# Task item
Your reply should contain the whole listing below, repeated exactly, and no images.

# Recorded information
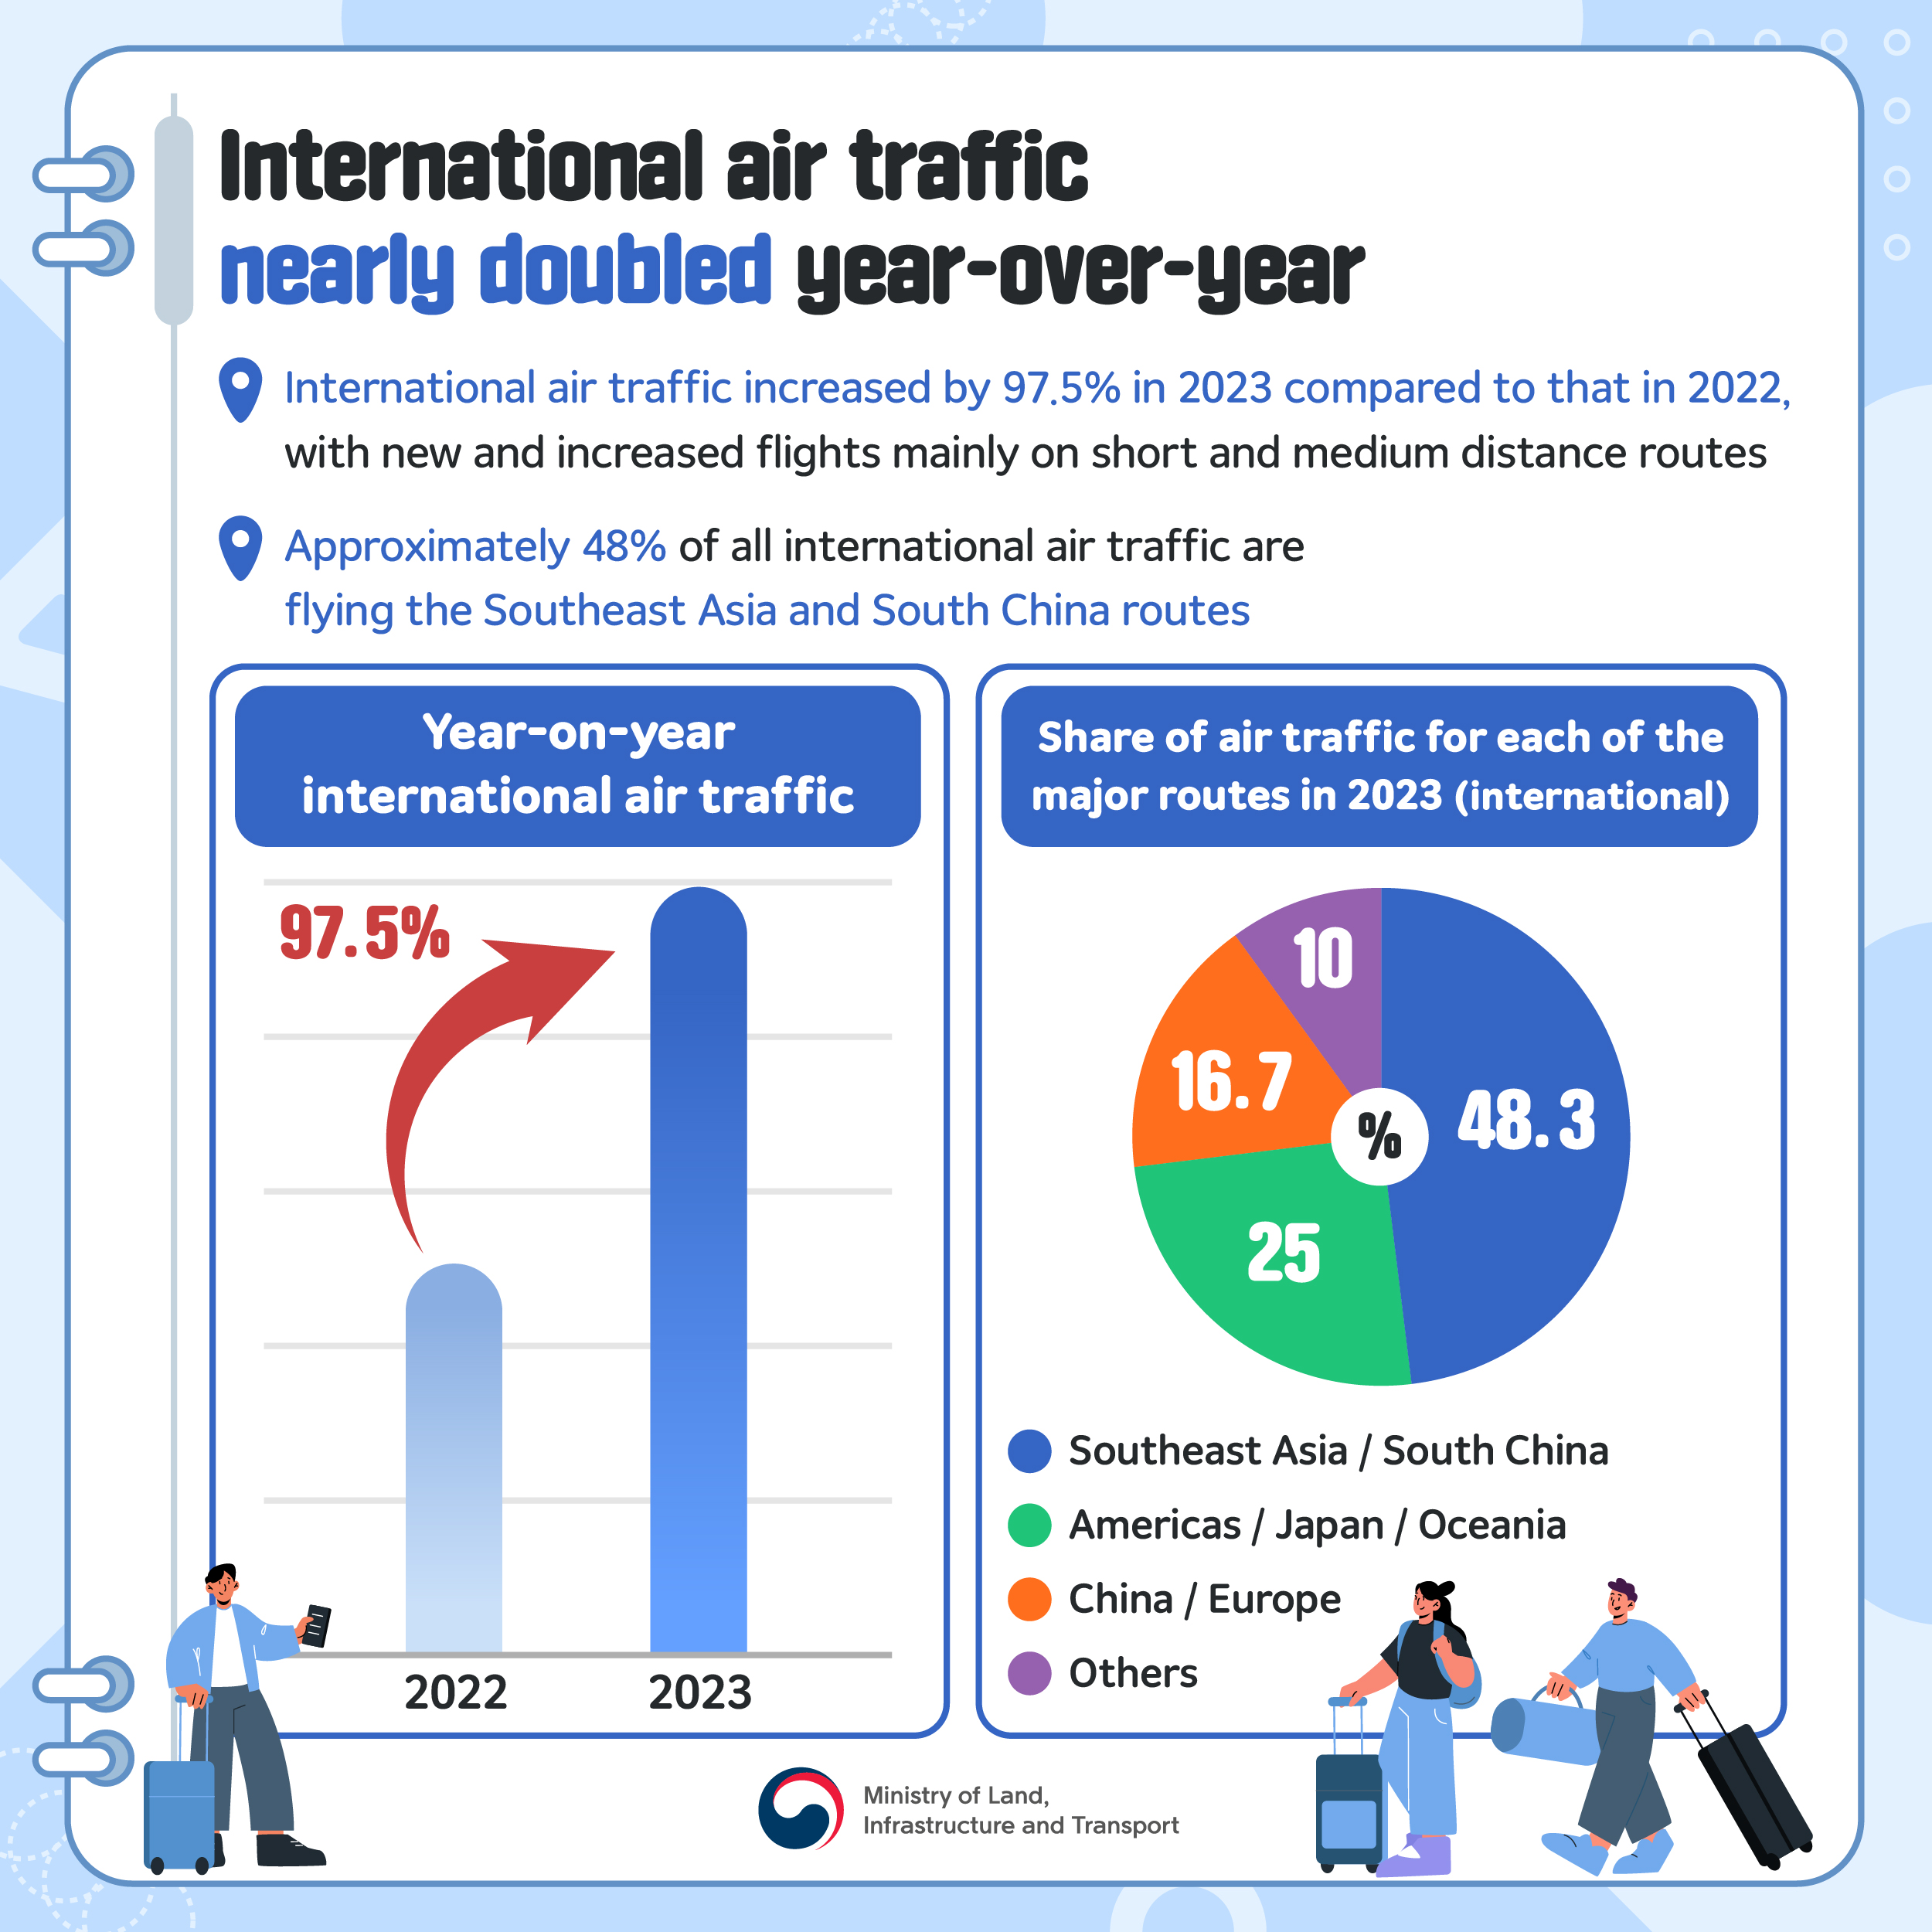 pic 4. International air traffic nearly doubled year-over-year - International air traffic increased by 97.5% in 2023 compared to that in 2022, with new and increased flights mainly on short and medium distance routes. Approximately 48% of all international air traffic are flying the Southeast Asia and South China routes
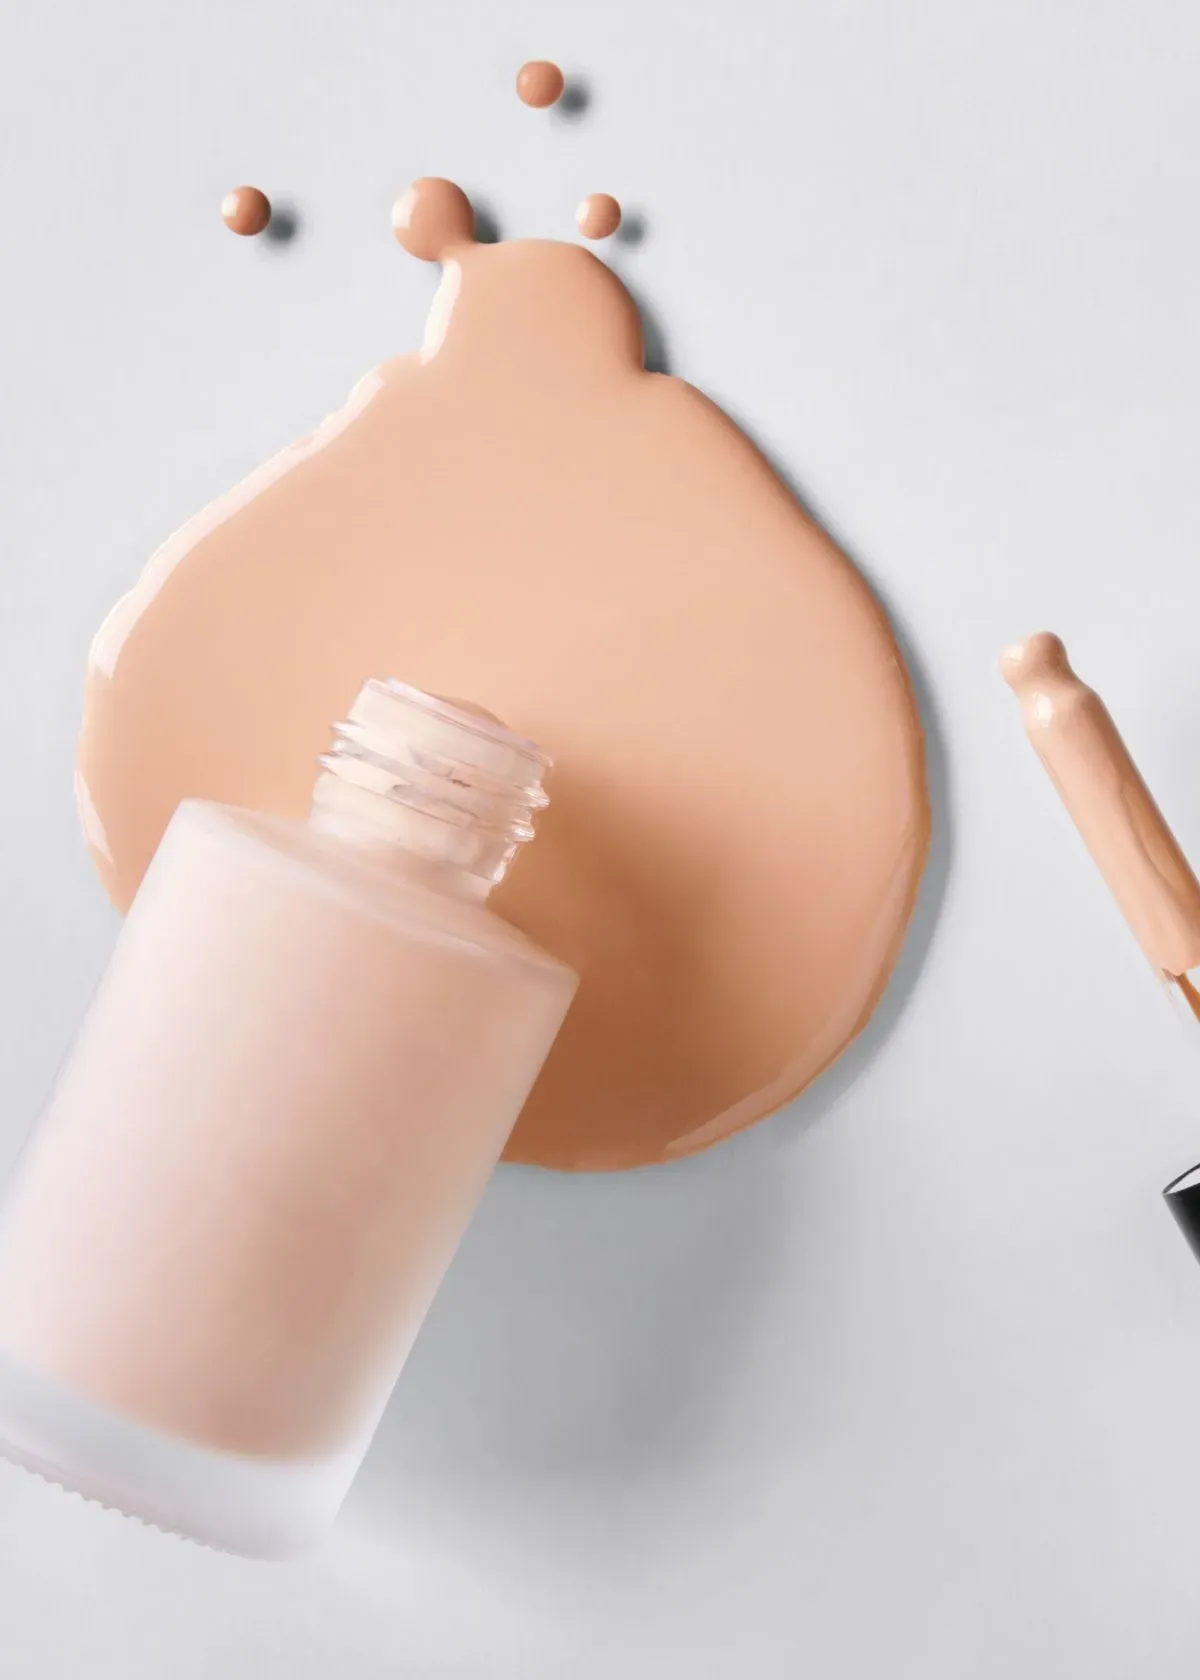 Is Water Based Foundation Good for Oily Skin?
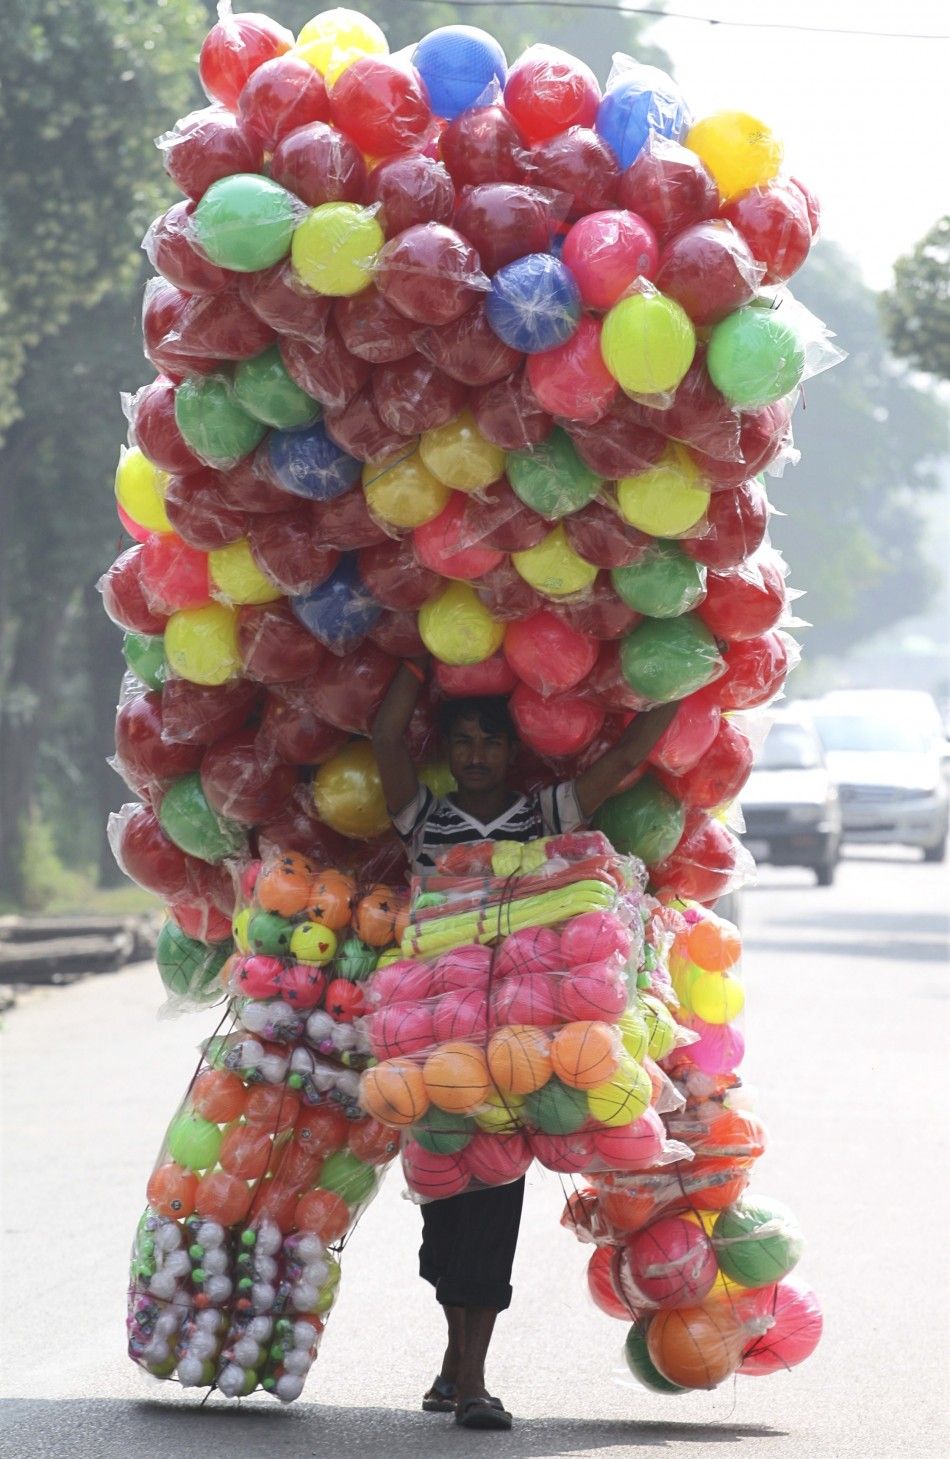 A vendor carries plastic balls for sale as he walks down the streets of Noida

# Response below
 pic 4. International air traffic nearly doubled year-over-year - International air traffic increased by 97.5% in 2023 compared to that in 2022, with new and increased flights mainly on short and medium distance routes. Approximately 48% of all international air traffic are flying the Southeast Asia and South China routes
 Is Water Based Foundation Good for Oily Skin?
 A vendor carries plastic balls for sale as he walks down the streets of Noida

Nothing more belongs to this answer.